I didn’t know how to
write a middle book of a trilogy (it was my first, and it turns out middle
books are not easy.) And while writing it, I was launching the first book and
learning (or desperately trying, depending on your perspective) to juggle all
the peripheral marketing responsibilities of being a writer. All the focused concentration I'd been able to give UTNS was suddenly diluted as I had to consider a website, blog, facebook, twitter,
tumblr. Blog tours, book tours, fan mail, reviews, etc. etc. it never ends. I
don’t mean to sound complainy about this stuff. I wanted this job. Badly. But
then you get the job and you go, wow, this is pretty different than what I
thought, busier, way busier, way way way
busier. That was surprising. What wasn’t? I love the job as much as I thought I
would. Maybe even more.
I’m going on a
tangent, which is usually what happens when I talk about Book Two. It’s a
subconscious defense mechanism.
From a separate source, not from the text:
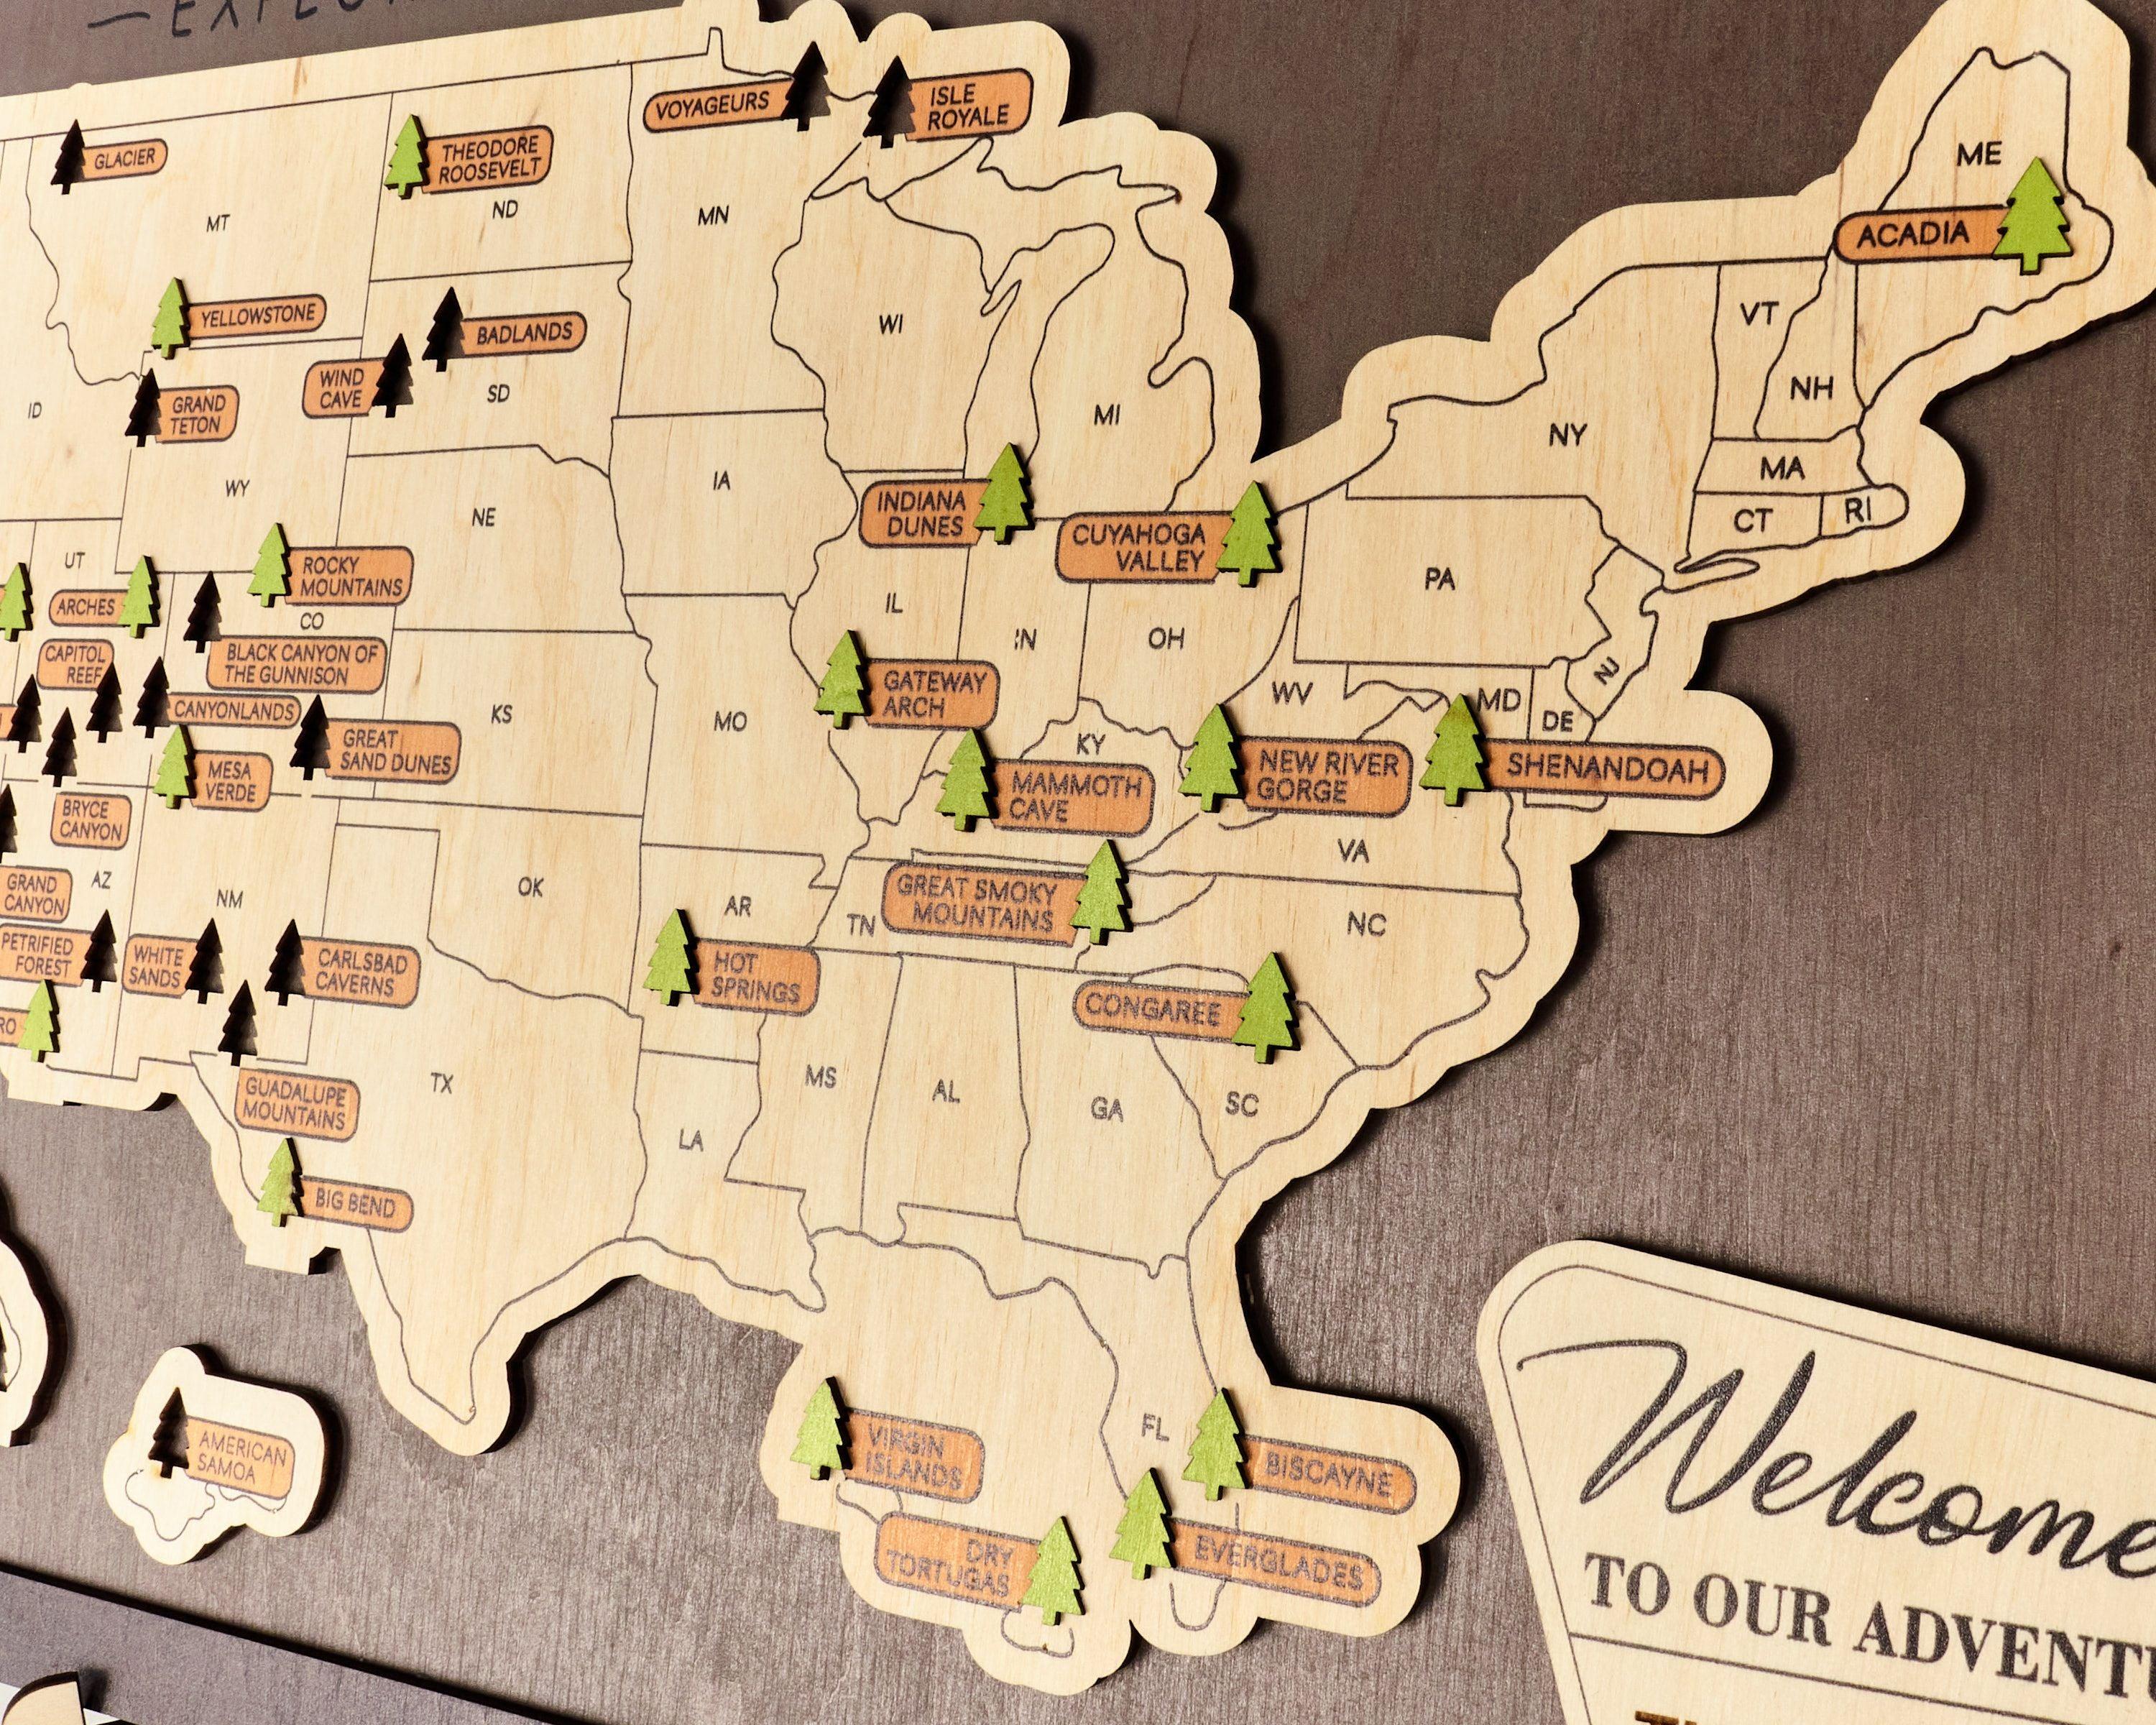 US Wooden National Parks Travel Map With Trees To Record Park Visits (Coffee) - Lemap

Hey, have you guys seen Iron Man?
All right, all right.
Let’s get back on track. Book Two was hard. It nearly broke me a few times, but
I got through it. The lessons I learned were plentiful. I learned the
“official” job of writer. I learned how to write outside a vacuum, in a tsunami, with voices
weighing in, or criticizing, or praising. I learned how to write a middle book
of a trilogy (or so I think.)
In the process of writing it, everything I knew reshuffled and came back together in a new way. I made it through my ever night, and then it was morning. I could almost say mourning, too, because we’re
getting to…
Book Three. I came at
this book exhausted and scared of a repeat of Book Two, I’m not gonna lie. But
guess what? Writing INTO THE STILL BLUE has been a
blast. The lessons I learned through Book Two strengthened me. I can now
juggle the job of writer fairly well, and I’ve adjusted to writing outside the
vacuum. Or rather, I’ve learned to try to recreate that vacuum when I write.
I plotted this book. I
let myself deviate from the plot. I knew when to ask for help and when not to.
And final books in series? Lots of fun. I hope you all get to write one
someday. It’s like the downhill side of a rollercoaster. Not to say it was
easy. I have yet to write an “easy” book. But fun? Yes. And sad, which is the mourning part. This ride has been epic, and I'm nearing the end. It's a bittersweet feeling, writing the final words of characters I've spent four years with, and loved.
Perhaps another reason I enjoyed Book Three was my newfound confidence in being a writer. As I
wrote INTO THE STILL BLUE, I had two books and a novella out in the world
already. “I wrote a book” became “I write books.” For me, it’s an important
distinction. I love writing books. I
want to write many more. With each one I draft, I might flounder and fumble,
but somehow they keep getting written. I see them on my bookshelf, sometimes in
bookstores, and it makes me proud. The act of having written books has become
self-perpetuating. I want to make more. I want to explore new characters and
storylines. I want to suffer through more middle acts and chapter endings and
transitions, and somehow, eventually, after floating in freezing cold water for
an ever night with shrapnel in my heart, figure
it out.
If you read this and
were hoping for some tricks of the trade, I hope my message of
each-book-keeps-surprising-me and you-can’t-predict-how-its-going-to-go might
be a little discouraging. I hope it isn’t. This profession is an uncertain path. But if you walk it with passion, with an open
mind and an eager, shrapnelly heart, you will get there. You will learn from each book. The process is as much about you, the writer, as it is about your work.
So, go. Walk the writer's path, and be fearless. You will figure it out.